Figure 1. Integration of drug and CRISPR gene dependencies in cancer cell lines.

1. Linear models were used to integrate drug sensitivity (IC₅₀ values) and gene fitness measurements.
2. Volcano plot showing the effect sizes and the P‐value for statistically significant associations, Benjamini–Hochberg false discovery rate (FDR)‐adjusted likelihood‐ratio test P‐value < 10%. Drug–gene associated pairs are coloured according to their shortest distance in a protein–protein interaction network of the gene to any of the nominal target of the drug.
3. Percentage of the 358 drugs with significant associations and their shortest distance in the PPI network to the drug nominal targets. T represents drugs that have a significant association with at least one of their canonical targets, “−” represents no link was found, and X are those which have no significant association.

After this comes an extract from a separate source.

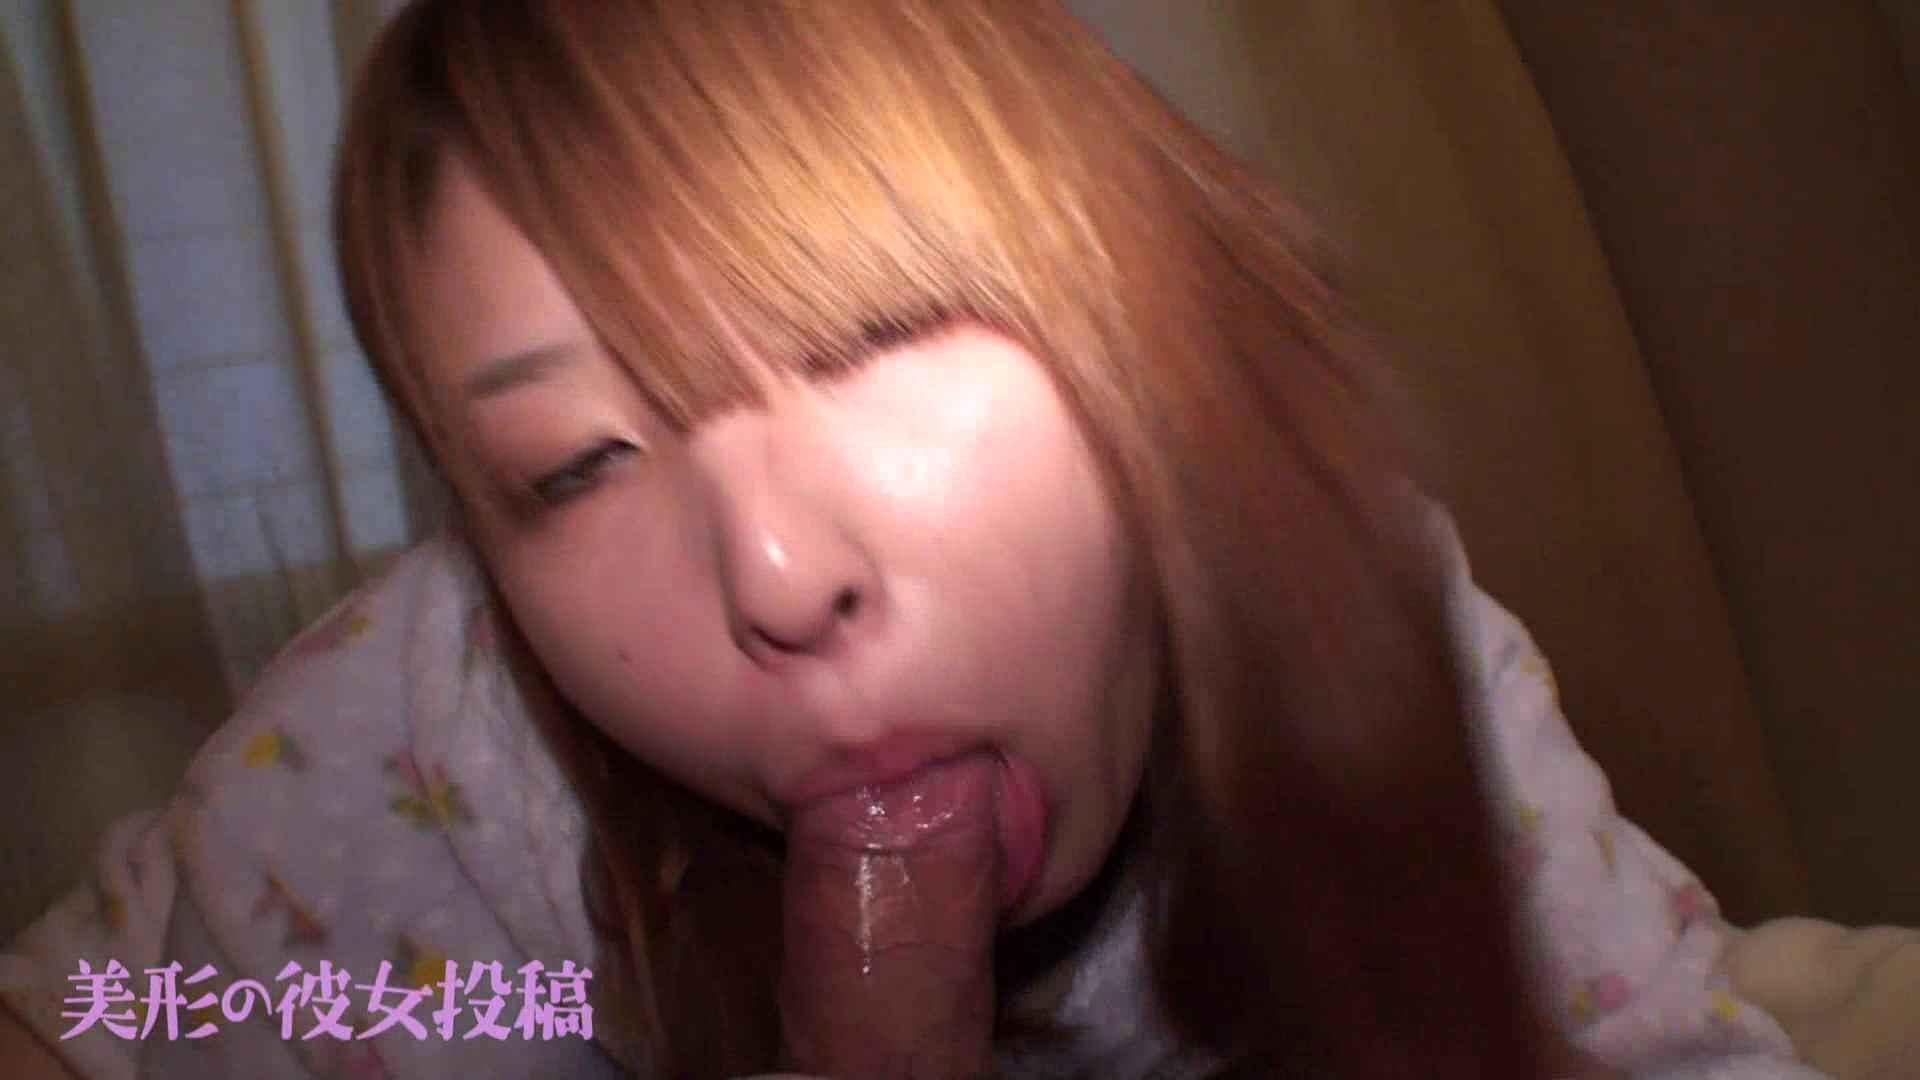 超美形の彼女を投稿!!04 一般投稿 戯れ無修正画像 99pic 38

4. Examples of the top drug response correlations with target gene fitness. Each point represents an individual cell line. MCL1_1284 and venetoclax are MCL1 and BCL2 selective inhibitors, respectively. Gene fitness log₂ fold changes (FC) are scaled by using previously defined sets of essential (median scaled log₂ FC = −1) and non‐essential (median scaled log₂ FC = 0) genes. Drug response IC₅₀ measurements are represented using the natural log (ln IC₅₀).
5. Kinobead affinity is significantly higher (lower pK _d) for compounds with a significant association with their target (n = 20, Mann–Whitney P‐value = 3.1e‐07). Box‐and‐whisker plots show 1.5× interquartile ranges and 5–95^th percentiles, centres indicate medians.